Abstract
The development of patient-friendly alternatives to bone-graft procedures is the driving force for new frontiers in bone tissue engineering. Poly (dl-lactic-co-glycolic acid) (PLGA) and chitosan are well-studied and easy-to-process polymers from which scaffolds can be fabricated. In this study, a novel dual-application scaffold system was formulated from porous PLGA and protein-loaded PLGA/chitosan microspheres. Physicochemical and in vitro protein release attributes were established. The therapeutic relevance, cytocompatibility with primary human mesenchymal stem cells (hMSCs) and osteogenic properties were tested. There was a significant reduction in burst release from the composite PLGA/chitosan microspheres compared with PLGA alone. Scaffolds sintered from porous microspheres at 37 °C were significantly stronger than the PLGA control, with compressive strengths of 0.846 ± 0.272 MPa and 0.406 ± 0.265 MPa, respectively (p < 0.05). The formulation also sintered at 37 °C following injection through a needle, demonstrating its injectable potential. The scaffolds demonstrated cytocompatibility, with increased cell numbers observed over an 8-day study period.
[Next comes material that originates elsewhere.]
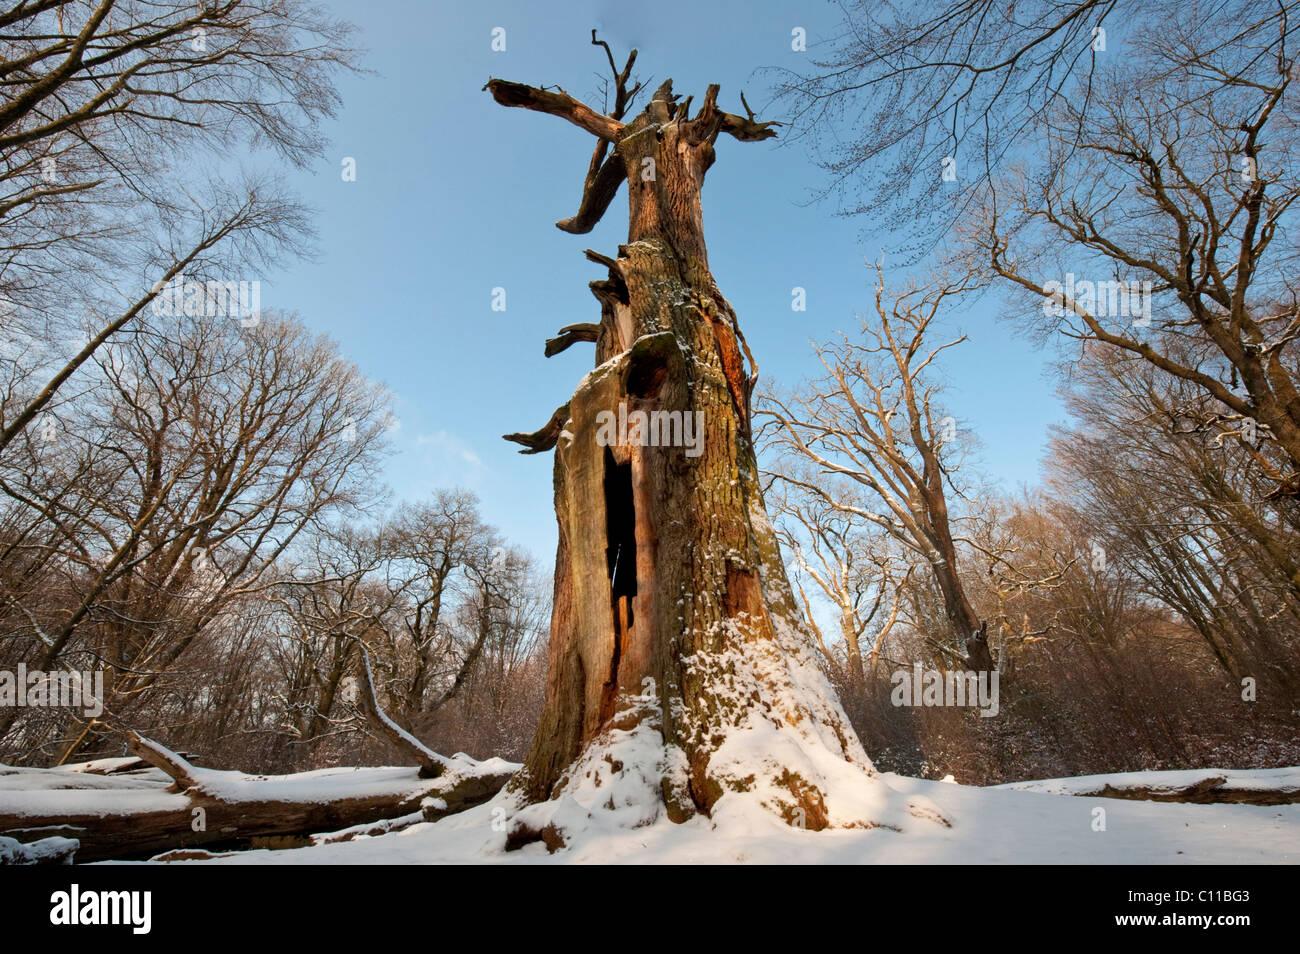 Oak in snow, Urwald Sababurg Nature Reserve, Hofgeismar, North Hesse, Germany, Europe - Stock Image

Von Kossa and immunostaining of the hMSC-scaffolds confirmed their osteogenic potential with the ability to sinter at 37 °C in situ.
Highlights
There is an urgent need for alternative approaches for the regeneration of bone following fracture or orthopaedic damage in lieu of traditional methods, and these alternative approaches constitute an important tissue engineering application (Vo et al, 2012)
We reported the formulation of a novel PLGA scaffold delivery system based on porous and protein-loaded microspheres that sintered at 37°C (Boukari et al, 2015)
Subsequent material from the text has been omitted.